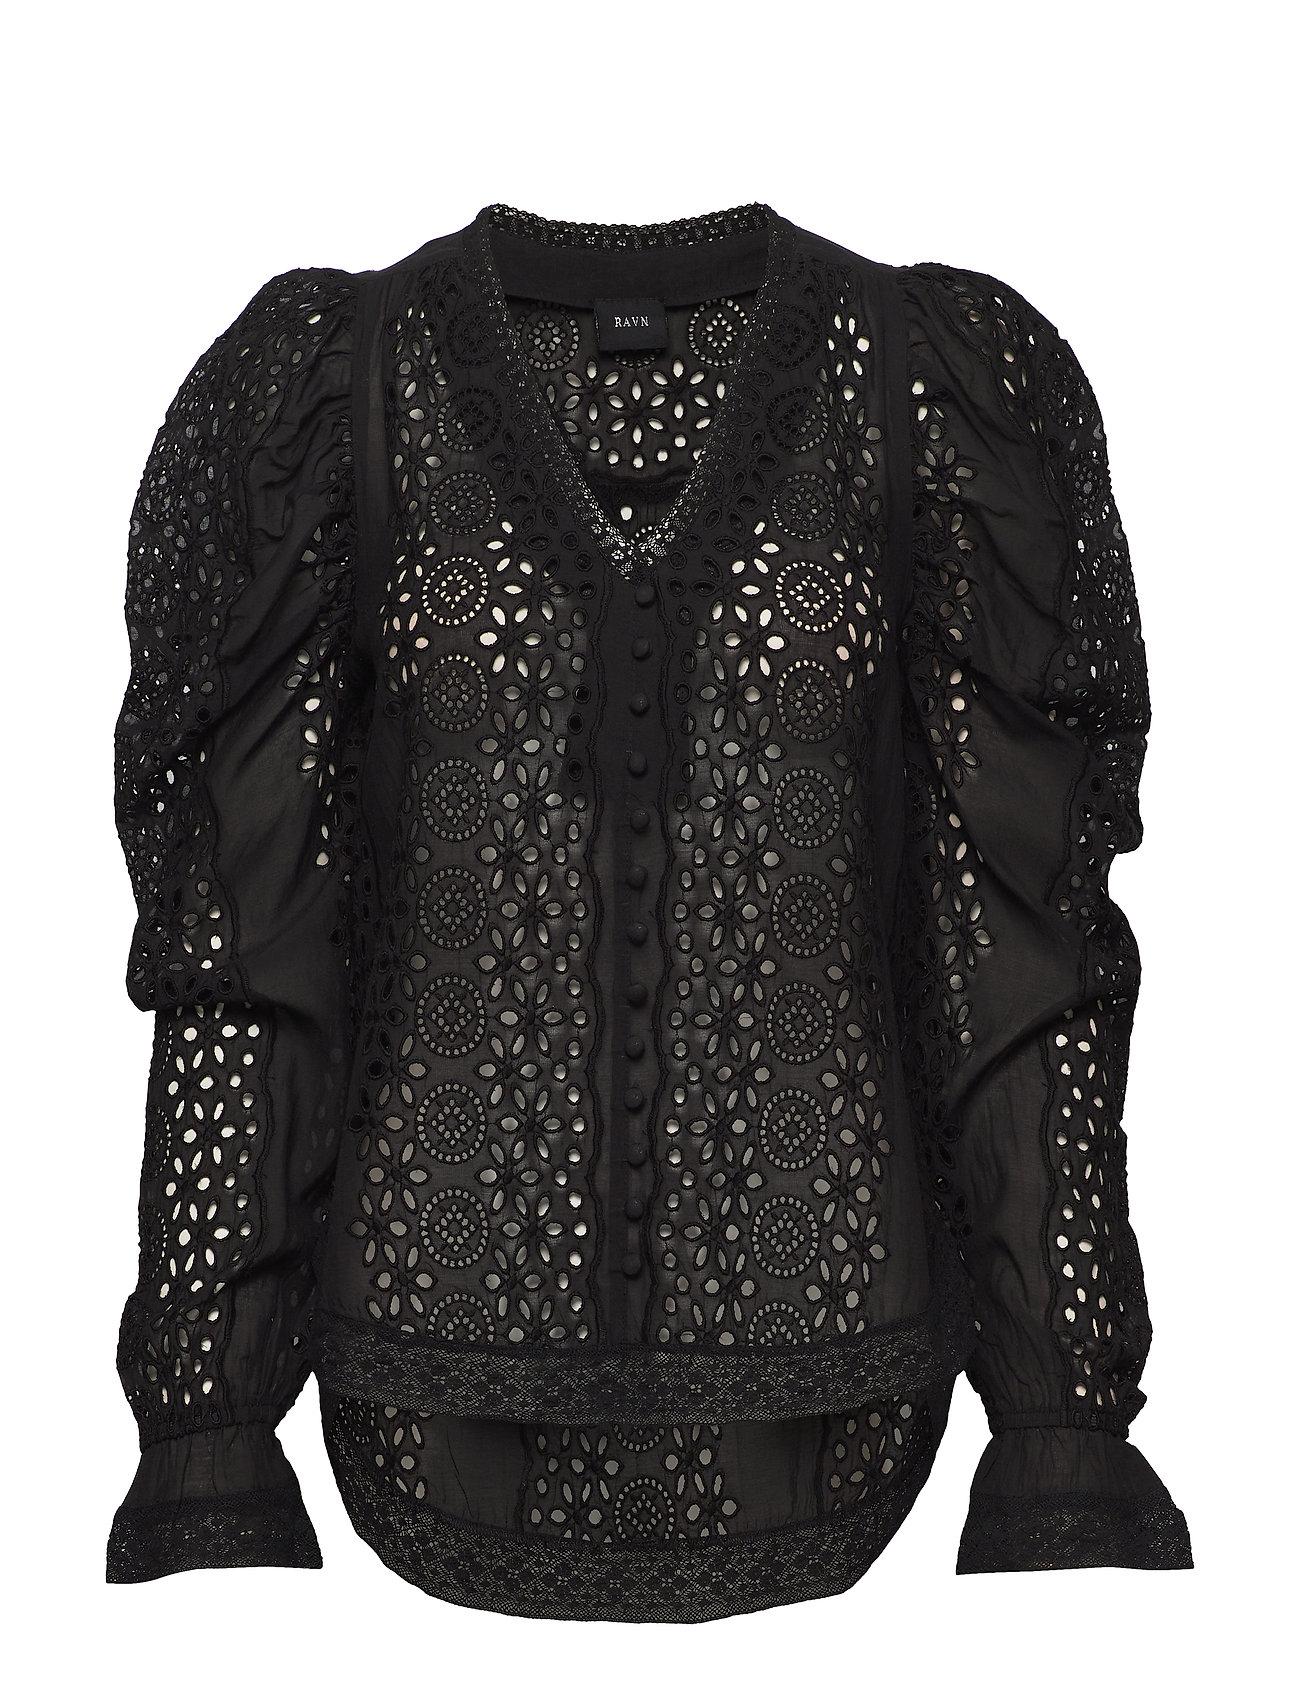 Ravn Riva Shirt - BLACK
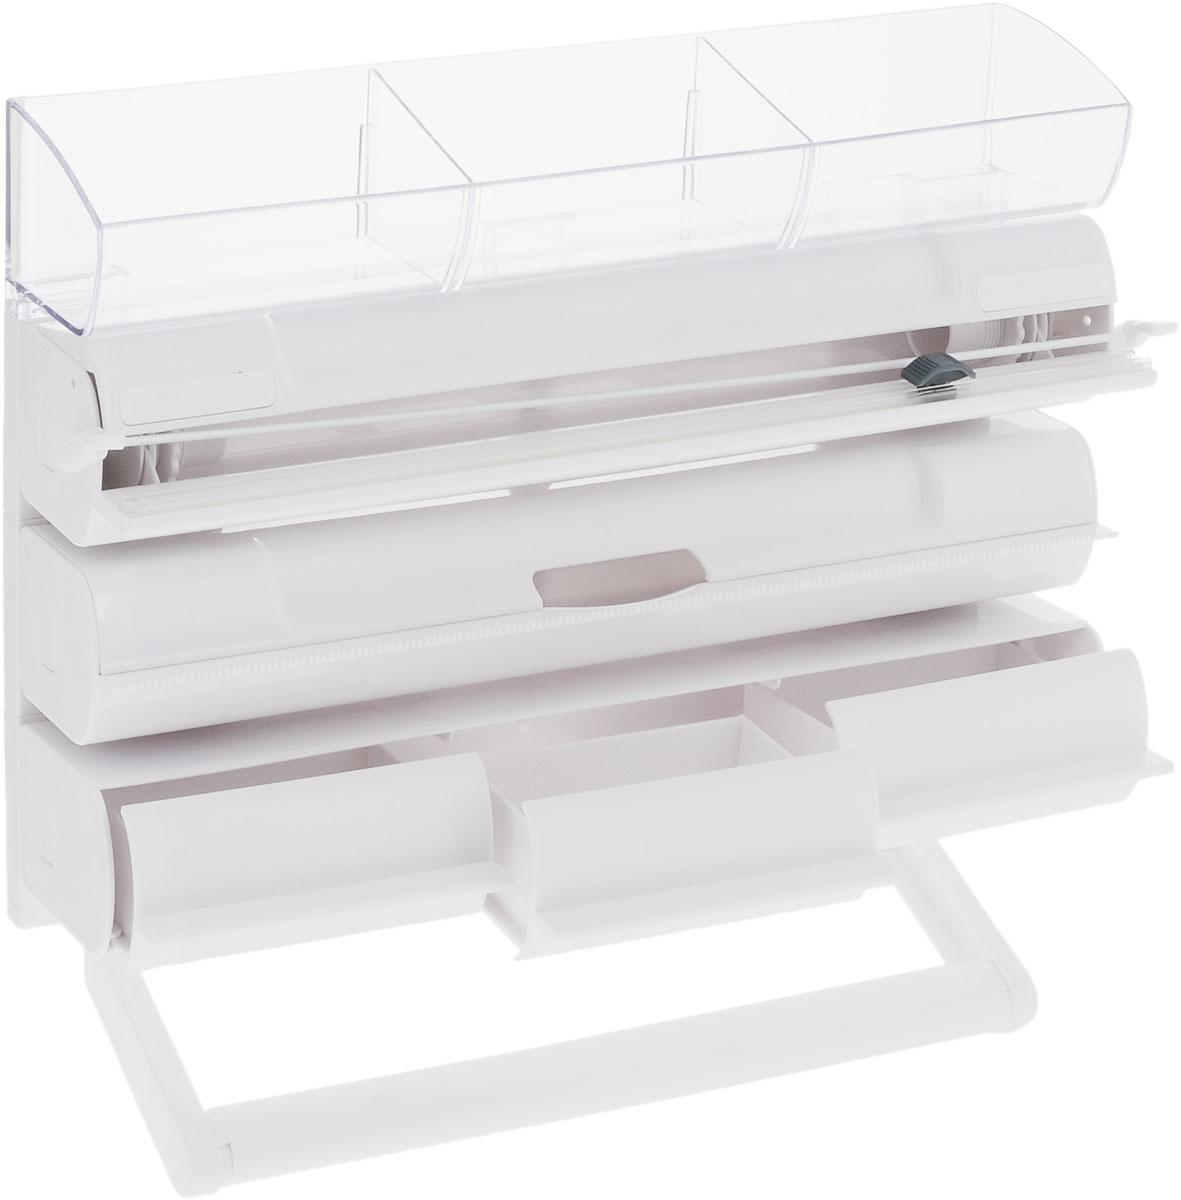 Органайзер кухонный Tescoma On Wall. 5 в 1, 30 х 38,5 х 8,5 см899724Органайзер кухонный Tescoma On Wall. 5 в 1 выполнен из высококачественного пластика. Применяется для хранения и использования пищевой пленки, алюминиевой фольги и бумажных полотенец. Размещается на стене. Имеет прозрачную полку с тремя выдвижными ящиками для хранения мелких кухонных принадлежностей. Диспенсеры для пищевой пленки / алюминиевой фольги можно извлечь из органайзера и использовать отдельно. Конец пленки не прилипает к диспенсеру. В комплекте прилагаются инструкции и крепежи.Общий размер органайзера: 30 х 38,5 х 8,5 см.
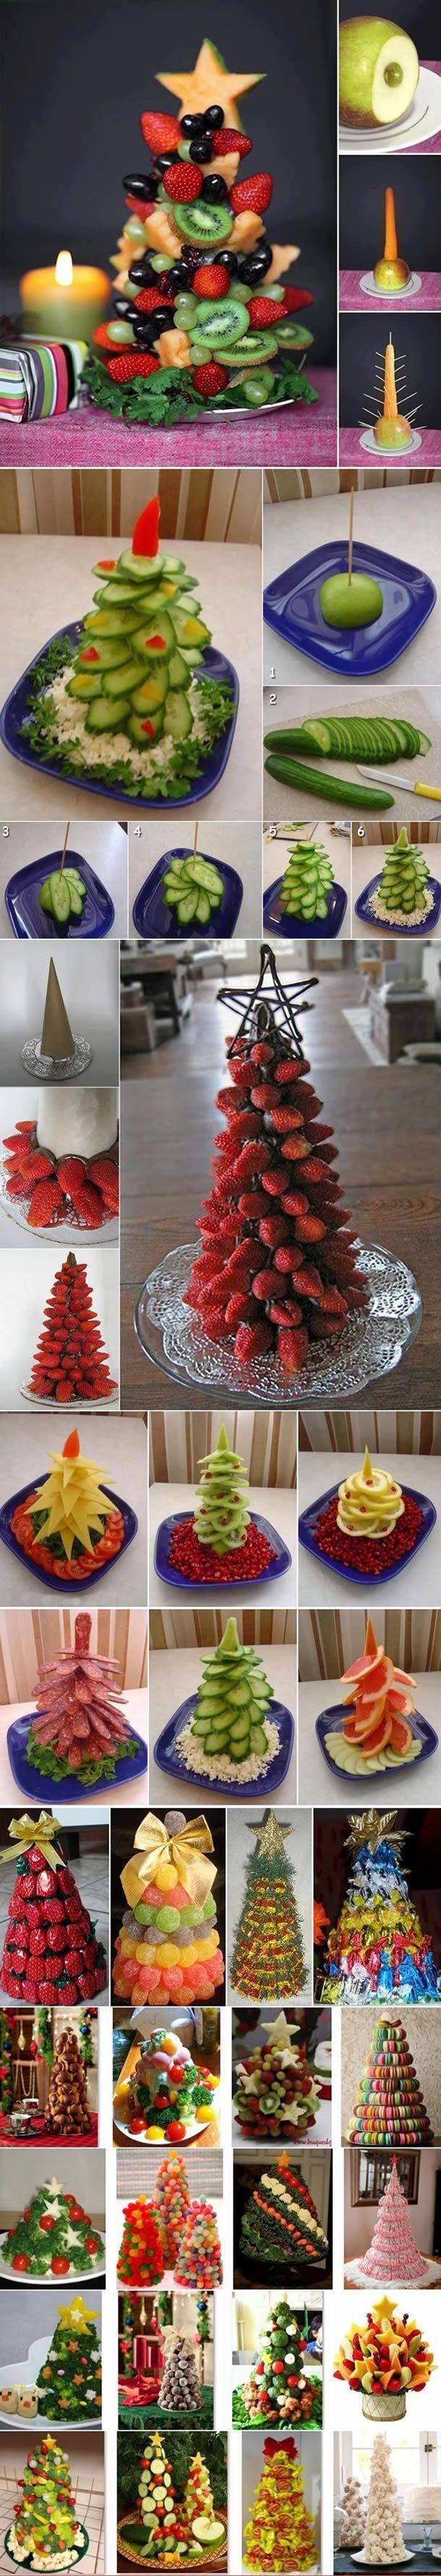 44 idées pour de délicieuses décorations de Noël | Astuces de filles
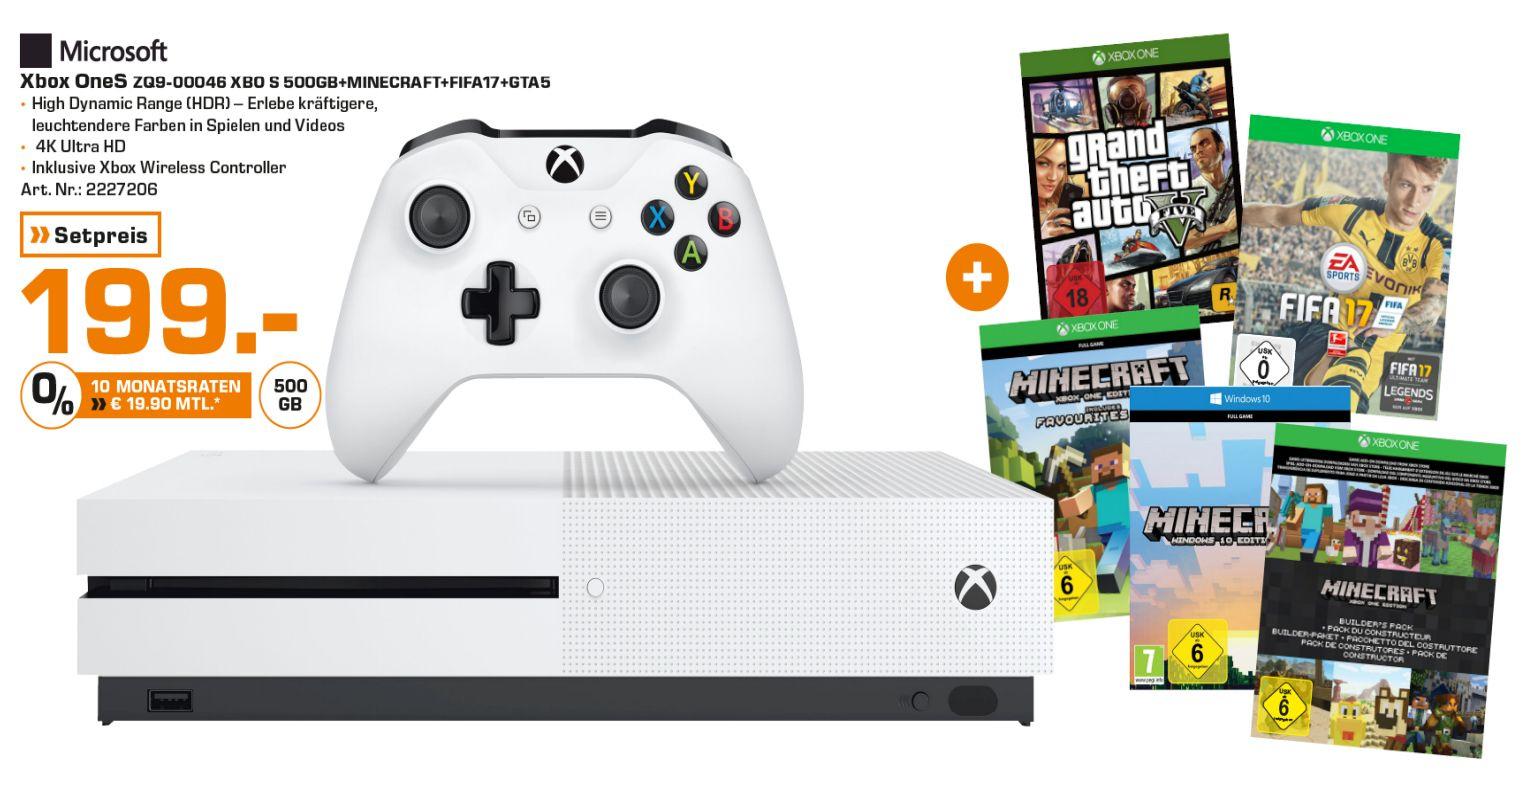 [Lokal Saturn Freiburg] Xbox One s mit 500GB als Minecraft Bundle inc. Fifa17 und GTA 5 für 199,-€
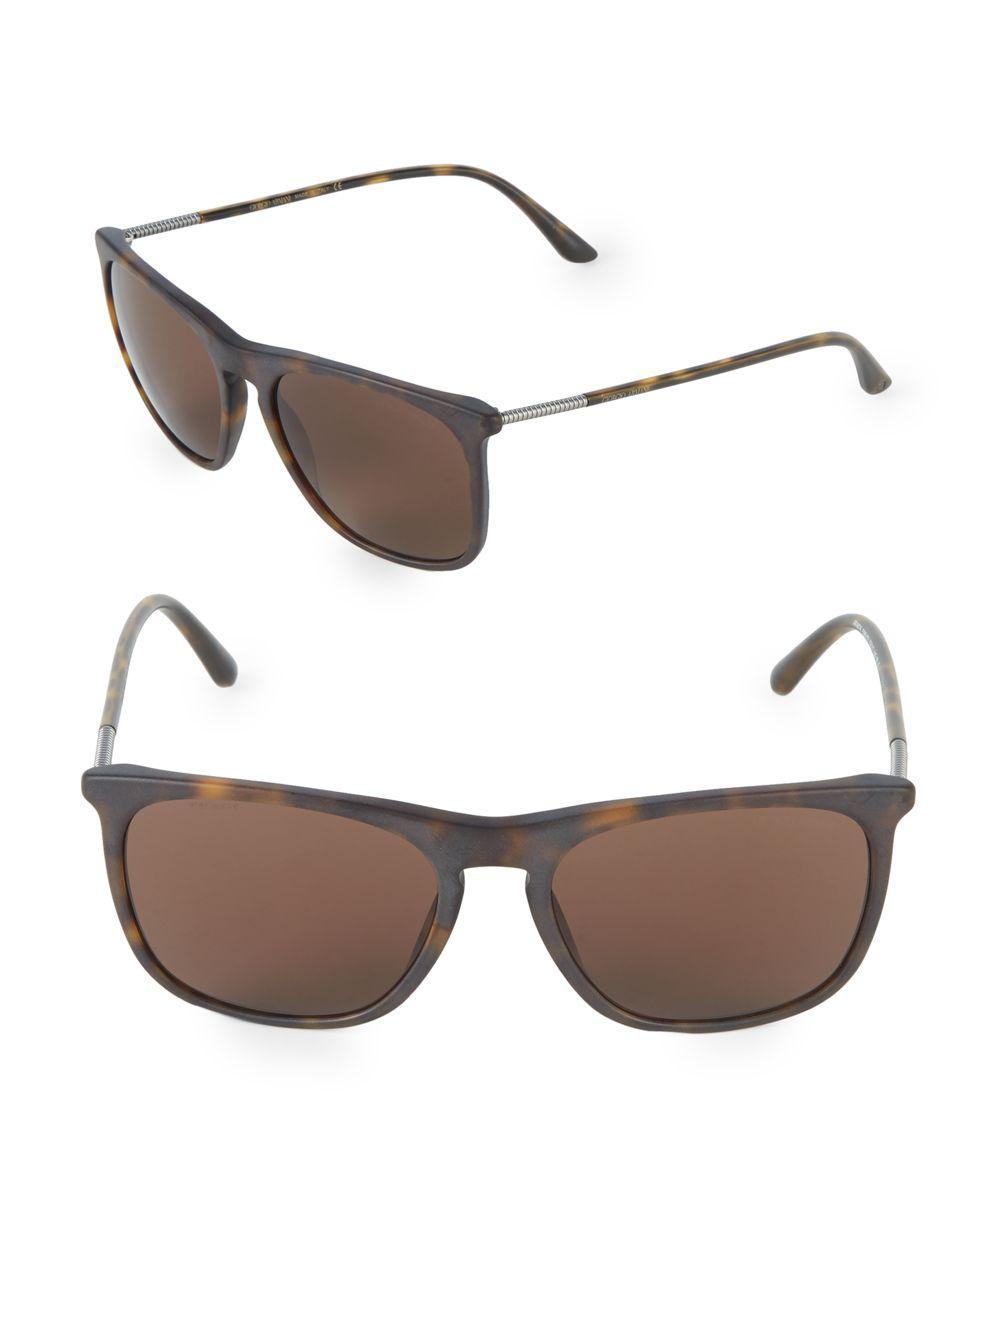 6b312a3232f0 Lyst - Giorgio Armani 55mm Square Sunglasses in Brown
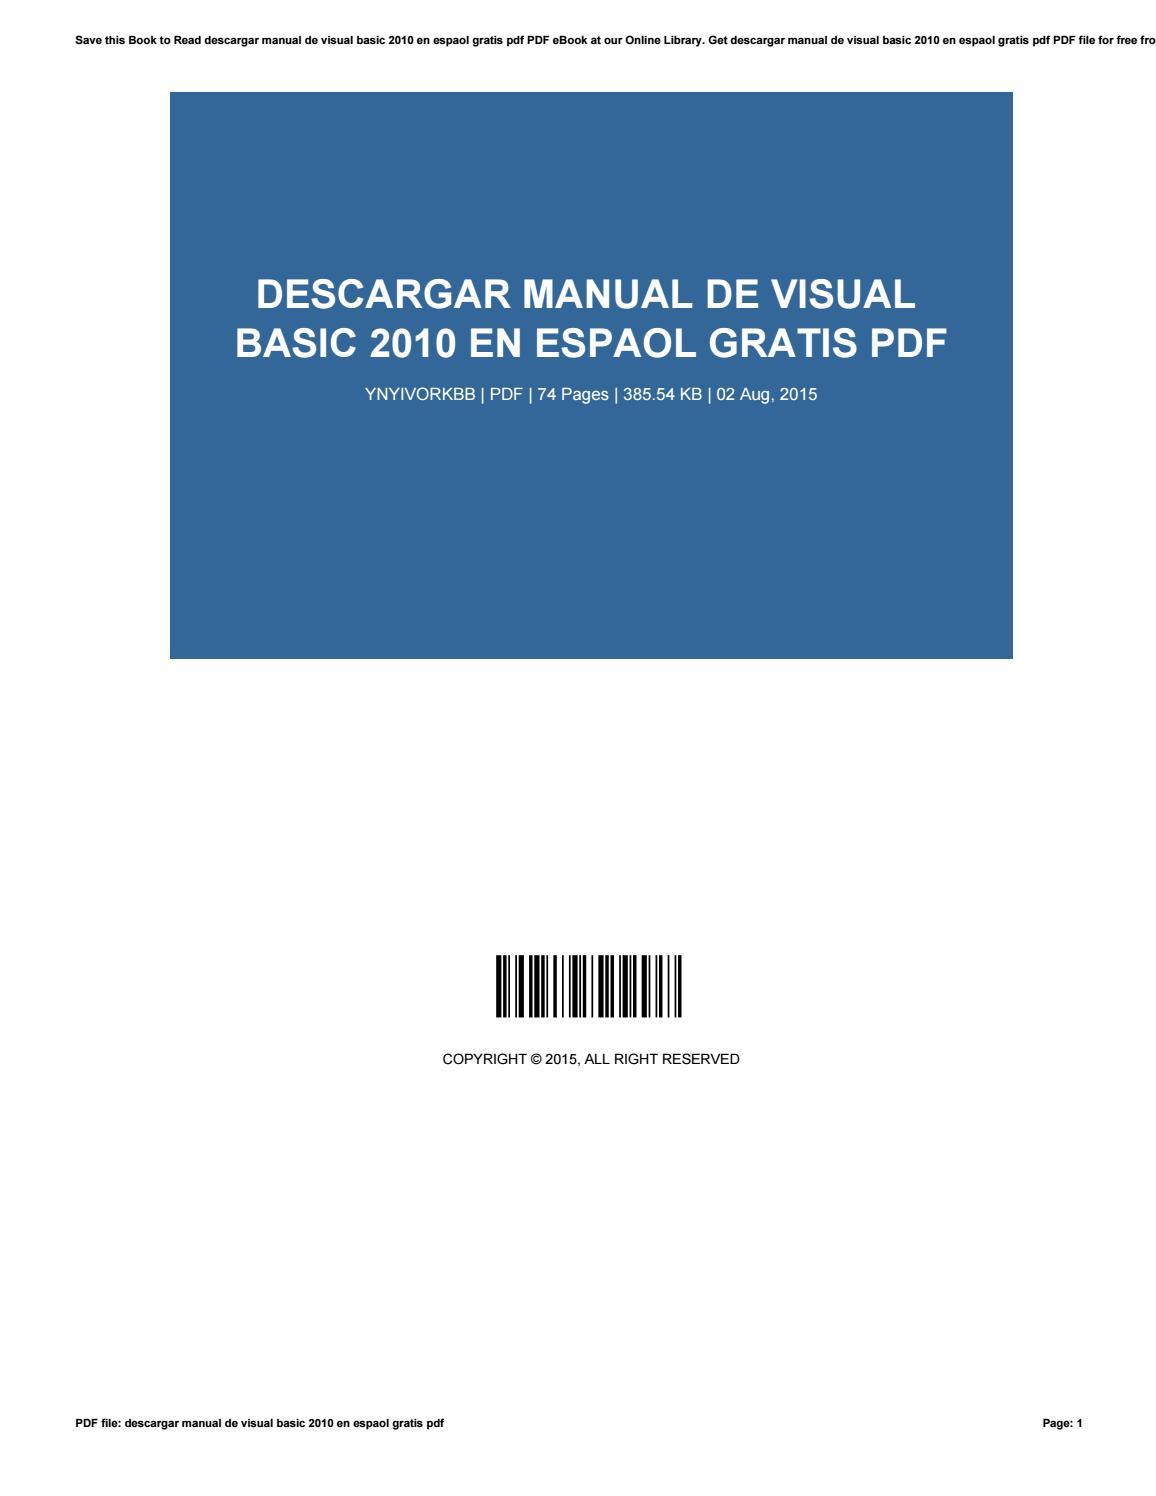 Visual Basic 2010 Pdf
========================
How to complete this task: When you print the records above, keep them exact and leave out the pictures.

Task solution:
 Ravn Riva Shirt - BLACK
 Органайзер кухонный Tescoma On Wall. 5 в 1, 30 х 38,5 х 8,5 см899724Органайзер кухонный Tescoma On Wall. 5 в 1 выполнен из высококачественного пластика. Применяется для хранения и использования пищевой пленки, алюминиевой фольги и бумажных полотенец. Размещается на стене. Имеет прозрачную полку с тремя выдвижными ящиками для хранения мелких кухонных принадлежностей. Диспенсеры для пищевой пленки / алюминиевой фольги можно извлечь из органайзера и использовать отдельно. Конец пленки не прилипает к диспенсеру. В комплекте прилагаются инструкции и крепежи.Общий размер органайзера: 30 х 38,5 х 8,5 см.
 44 idées pour de délicieuses décorations de Noël | Astuces de filles
 [Lokal Saturn Freiburg] Xbox One s mit 500GB als Minecraft Bundle inc. Fifa17 und GTA 5 für 199,-€
 6b312a3232f0 Lyst - Giorgio Armani 55mm Square Sunglasses in Brown
 Visual Basic 2010 Pdf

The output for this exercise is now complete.